** Goal of the exercise **
The output should match, line for line, the records from the line containing "جنرال أمريكي: طائرات" through the line containing "MCH-I-GTLC-RAFM-AHUCP-001-1 (1)", with every picture left out.

[Available data Boundary: Start]

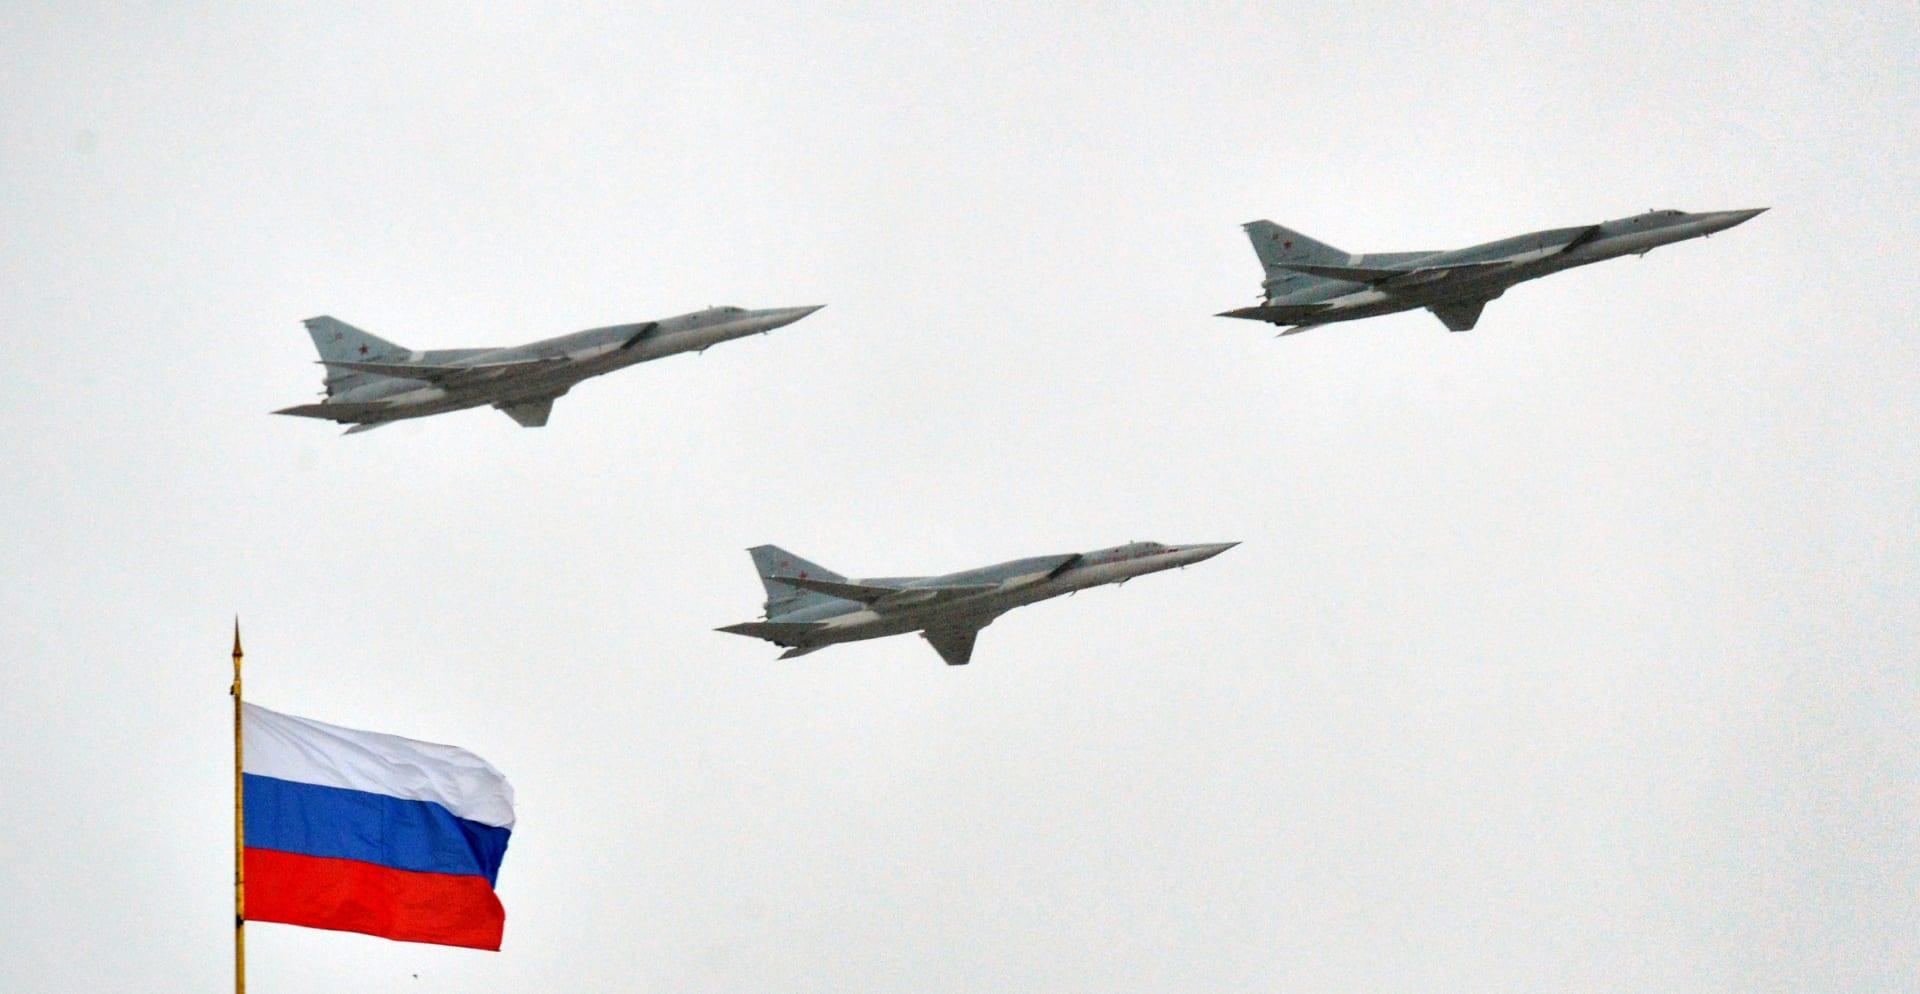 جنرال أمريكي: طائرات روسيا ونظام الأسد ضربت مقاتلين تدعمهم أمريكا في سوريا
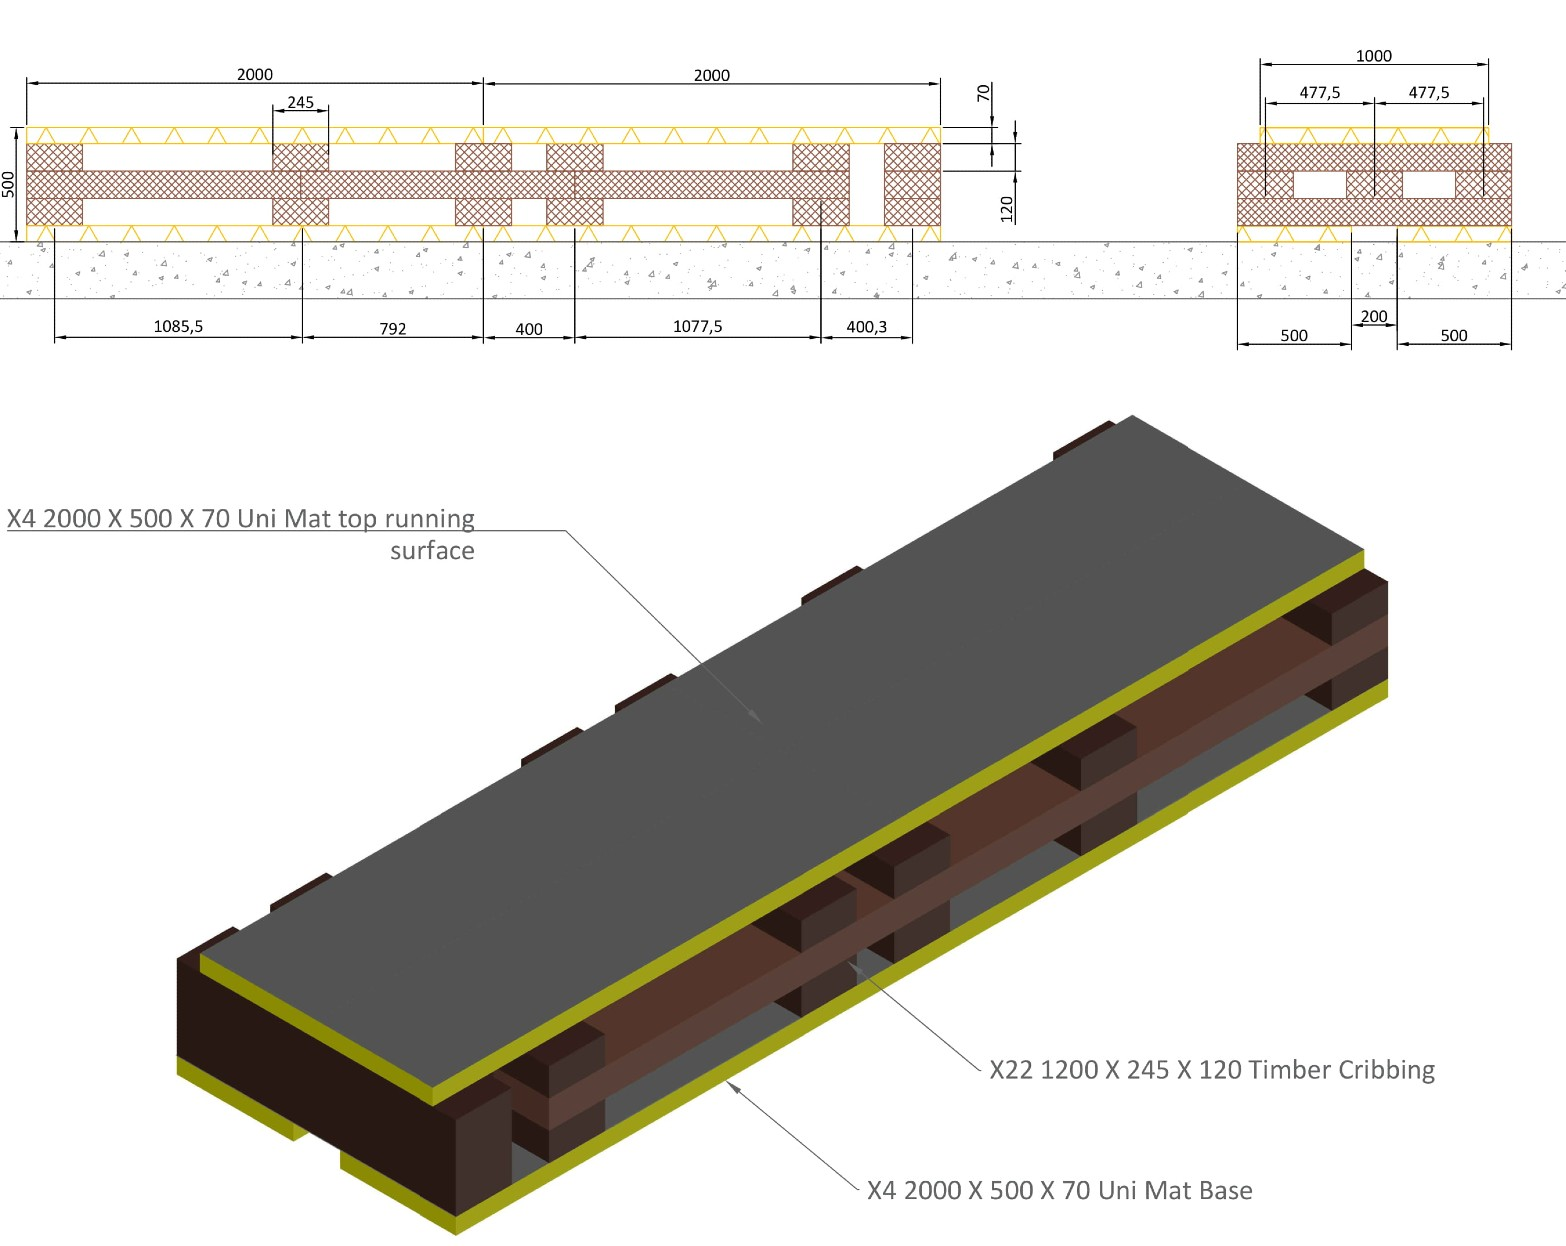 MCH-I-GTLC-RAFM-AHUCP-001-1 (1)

[Available data Boundary: End]
[Available data Boundary: Start]

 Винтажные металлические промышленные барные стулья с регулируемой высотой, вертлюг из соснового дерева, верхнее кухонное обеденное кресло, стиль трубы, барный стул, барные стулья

[Available data Boundary: End]

** Your solution **
 جنرال أمريكي: طائرات روسيا ونظام الأسد ضربت مقاتلين تدعمهم أمريكا في سوريا
 MCH-I-GTLC-RAFM-AHUCP-001-1 (1)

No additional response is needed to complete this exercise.